Atiq Rahimi, l’auteur, est né le 26 février 1962 à Kaboul, Afghanistan. C’est un romancier et un réalisateur de double nationalité française et afghane. Il vit la guerre d’Afghanistan de 1979 à 1984, puis il se réfugie au Pakistan. Après avoir demandé l’asile politique à la France, il obtient son doctorat en audiovisuel à la Sorbonne. Pendant ce temps, son frère, communiste, resté en Afghanistan, est assassiné en 1989, mais Atiq Rahimi n’apprend sa mort qu’un an plus tard. Son premier long-métrage « Terre et Cendres » (Khâkestar-o-khâk), présenté dans la section Un Certain Regard au festival de Cannes 2004, a obtenu le Prix du Regard vers l’Avenir. Contrairement à ses trois premiers romans écrits en persan, Syngué Sabour, Pierre de patience, est directement écrit en français : « Il me fallait une autre langue que la mienne pour parler des tabous ». (Source : RFI)

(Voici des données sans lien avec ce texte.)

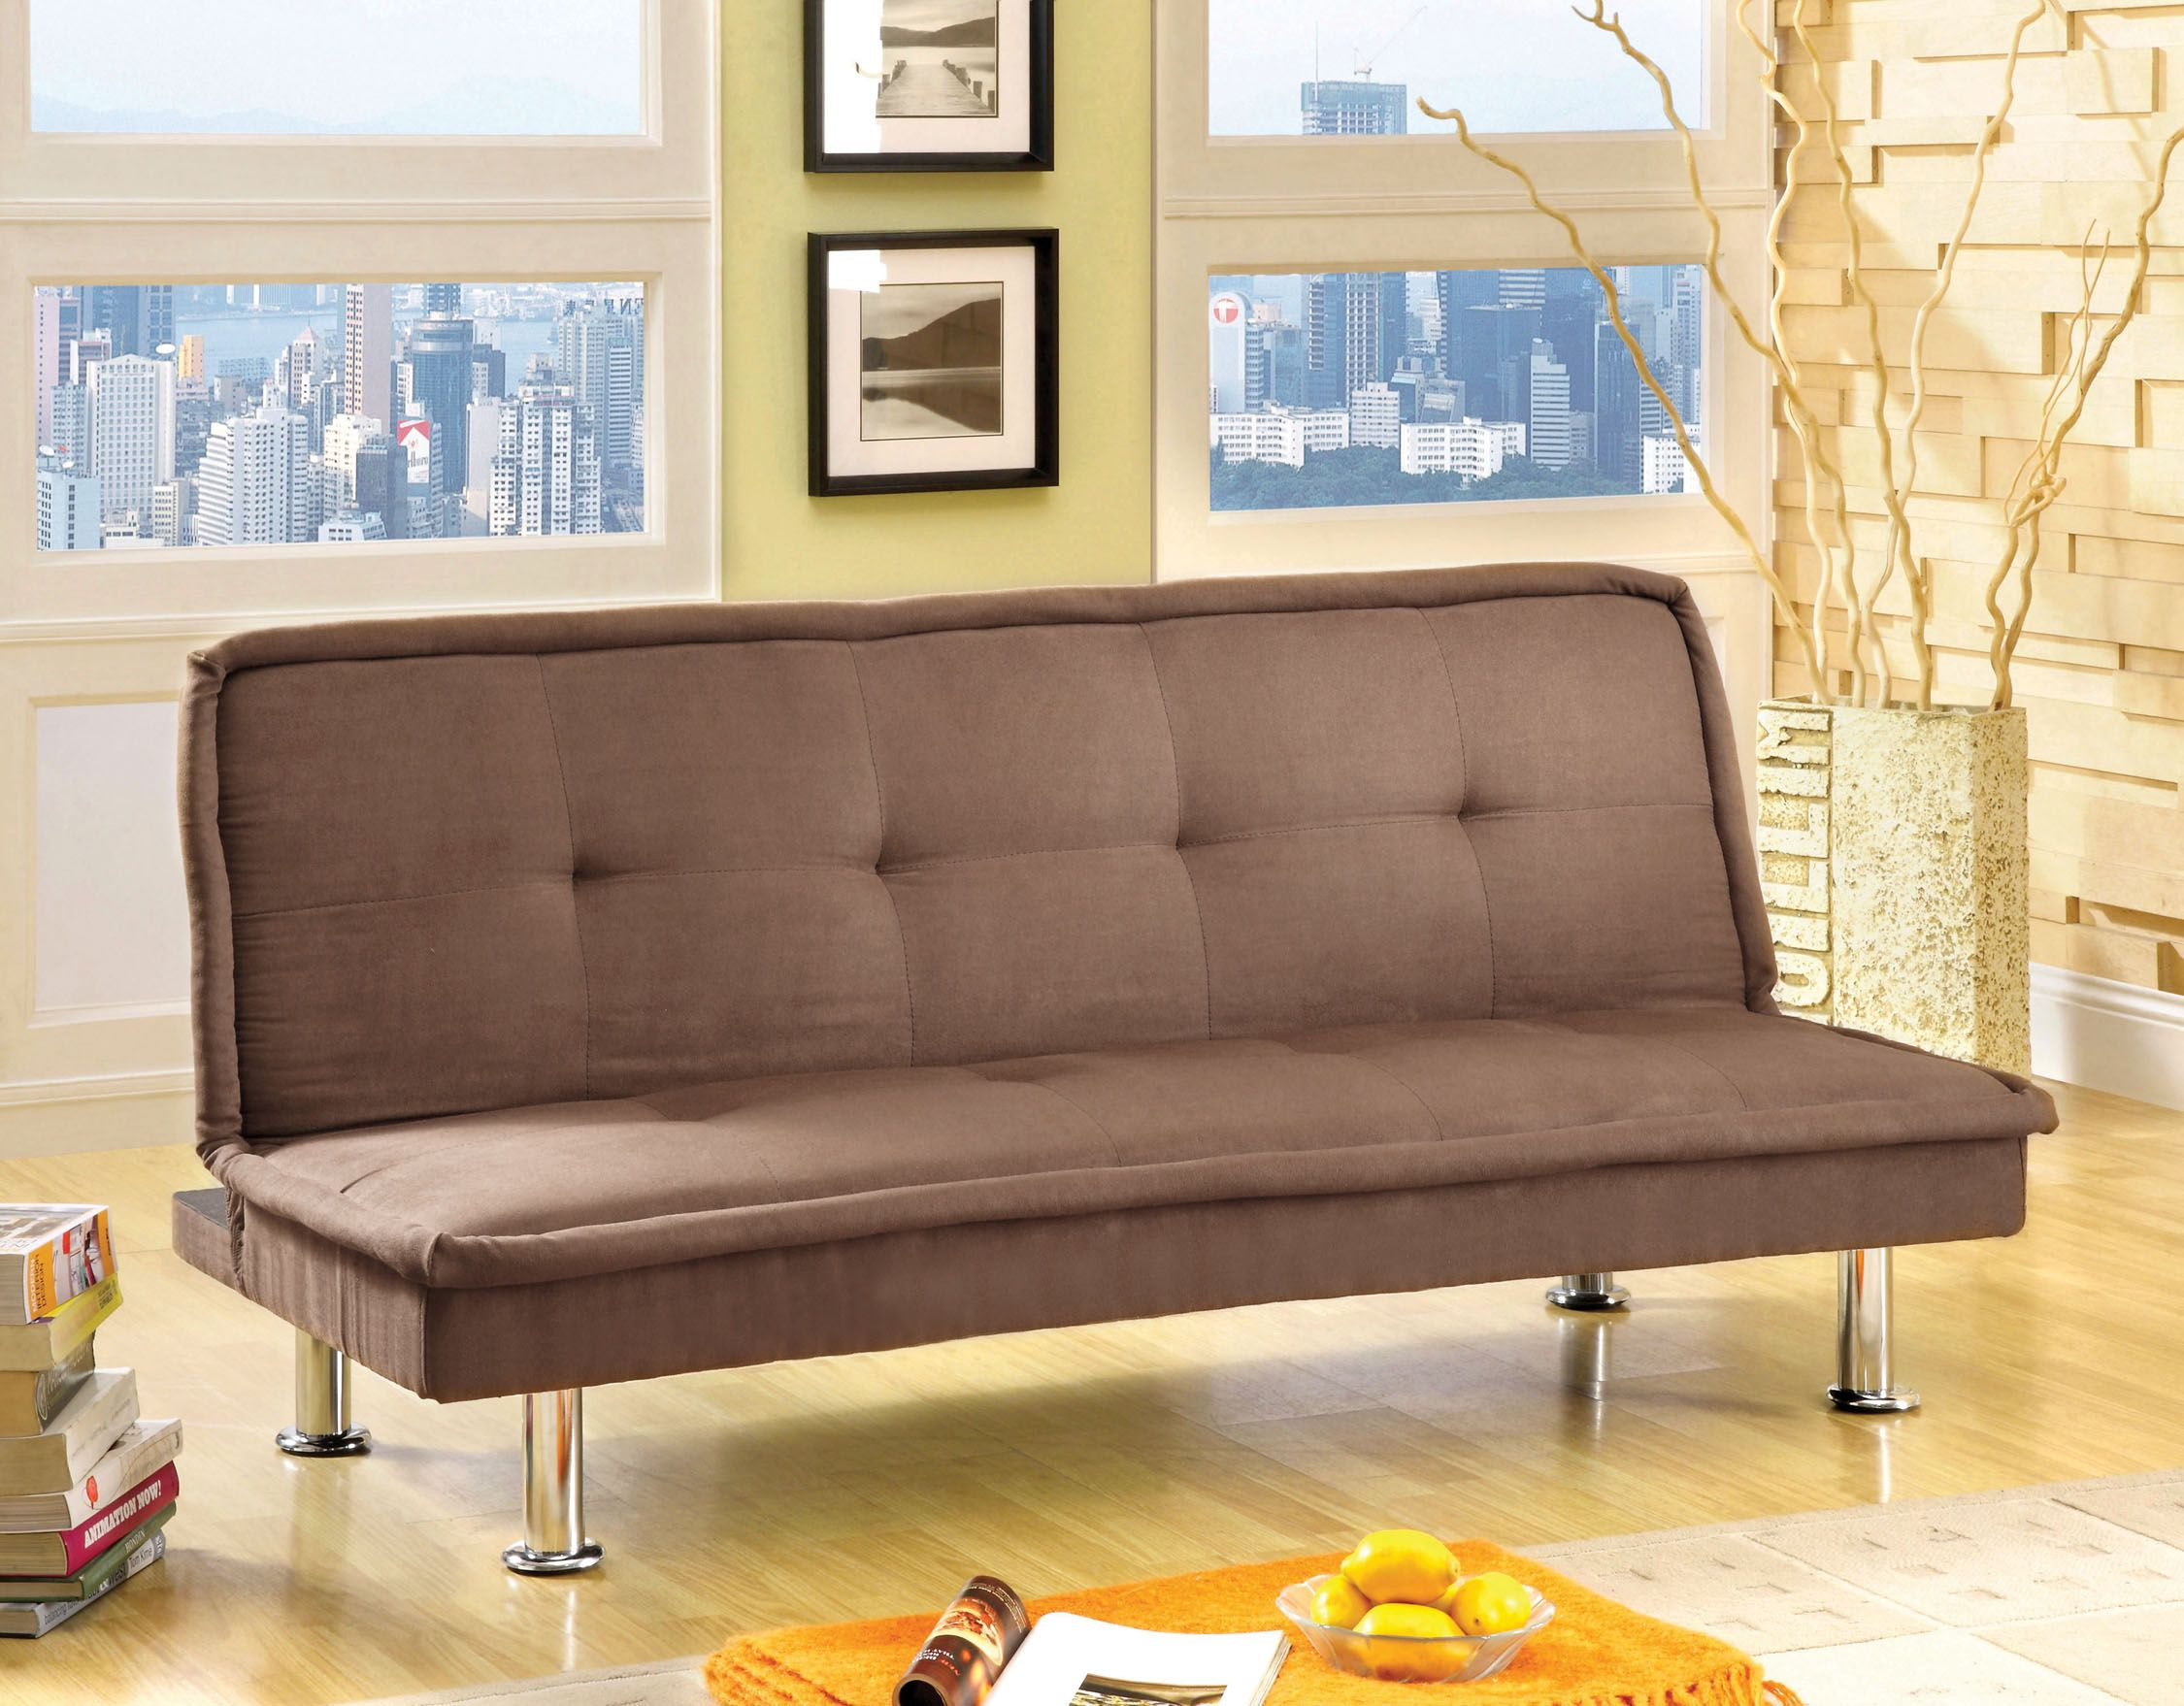 furniture of america adak padded microfiber futon sofa brown furniture of america adak padded microfiber futon sofa brown      rh   pinterest

En Afghanistan peut-être, ou ailleurs, une femme veille son mari blessé. Les heures et les jours passent tandis que la guerre approche. Et la langue de la femme se délie, tisse le récit d’une vie d’humiliations, dans l’espoir d’une possible rédemption…
Aujourd’hui, je découvrais un très beau film, diffusé par le cinéma Lumière, à La Ciotat.
Très fidèle au livre, quelle surprise de voir les représentations personnelles que livraient ce roman devenir mouvements, paroles et couleurs sur grand écran. Quelles images ! Et quelle actrice, Golshifteh Farahani ! Quelle présence. Quelle dimension. Quel plaisir de la retrouver, après l’extraordinaire film « A propos d’Elly » (Darbareye Elly), d’Asghar Farhadi. Syngué sabour a été tourné en persan et en dari, le persan afghan. « Golshifteh Farahani a été obligée d’apprendre ses dialogues en afghan sans y changer un seul mot. Les Iraniens, pour comprendre le film, doivent lire les sous-titres ». (Source : Marianne). La voir ainsi, aux côtés de son mari, au sol, inerte, blessé gravement, maintenu en vie on ne sait comment. La femme parle. Lui parle. Elle se confie. Très rapidement, la parole se libère. Tandis qu’au dehors, la menace est permanente. La tension toujours palpable. Des cris par-ci, un bombardement par-là. Des rafales d’armes automatiques au loin. Les chenilles d’un véhicule blindé qui s’approche dans un vacarme assourdissant. Et la femme tient. Elle est vivante. Une grande histoire. La puissance des mots. Tous comptes faits, qui mieux que la grande Golshifteh Farahani pouvait donner à ce rôle si particulier toute la dimension qui est la sienne.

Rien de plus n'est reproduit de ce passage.